Background: Drought stress is a major abiotic factor limiting Brassica juncea productivity, resulting in significant yield reductions. Plant Growth-Promoting Rhizobacteria (PGPR) have shown potential in enhancing drought tolerance; however, the metabolomic changes associated with their effects remain largely unexplored. This study examines the metabolic changes induced by a PGPR consortium (Enterobacter hormaechei, Pantoea dispersa, and Acinetobacter sp.) in two contrasting genotypes B. juncea (L.) Czern. 'RH 725' (drought tolerant) and B. juncea (L.) Czern. 'RH-749' (drought sensitive for drought tolerance, under both control and drought conditions.

Methods: Metabolite profiling was conducted using gas chromatography-mass spectrometry (GC-MS) to identify compounds that accumulated differentially across treatments. We applied multivariate statistical methods, such as Partial Least Squares Discriminant Analysis (PLS-DA), hierarchical clustering, and pathway enrichment analysis, to explore metabolic reprogramming.

Results: Drought stress induced significant changes in metabolite profile, particularly increasing the levels of osmoprotectants such as trehalose, glucose, sucrose, proline, and valine. Additionally, alterations in organic acids (malic acid and citric acid) and fatty acids (oleic acid and linoleic acid) were observed. PGPR inoculation further amplified these metabolic responses to enhance the osmotic regulation, reactive oxygen species (ROS) detoxification, and carbon-nitrogen metabolism, with RH-725 displaying a stronger adaptive response.
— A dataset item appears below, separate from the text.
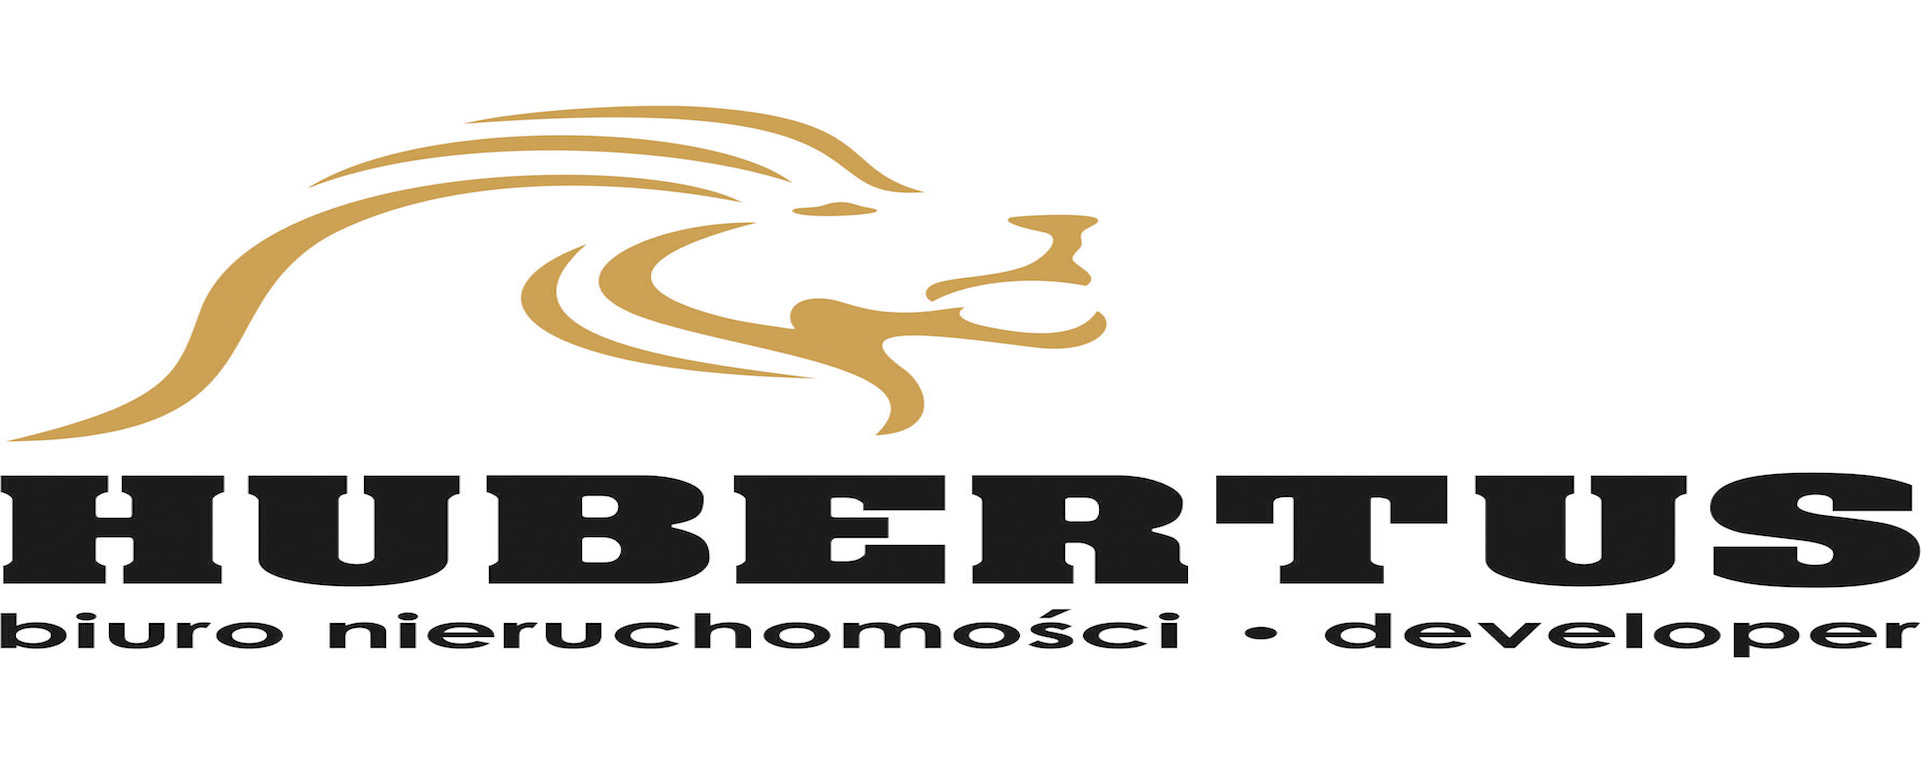 Agencje nieruchomości HUBERTUS sp. z o.o.

Pathway enrichment analysis revealed that PGPR treatment significantly influenced metabolic pathways related to starch and sucrose metabolism, galactose metabolism, and amino acid biosynthesis, which play critical roles in drought adaptation.

Conclusion: These findings provide insights into how PGPR contributes to stress resilience in B. juncea by modulating key biochemical pathways. This study provides new molecular insights into the known effect of PGPR for mitigating drought stress in oilseed crops.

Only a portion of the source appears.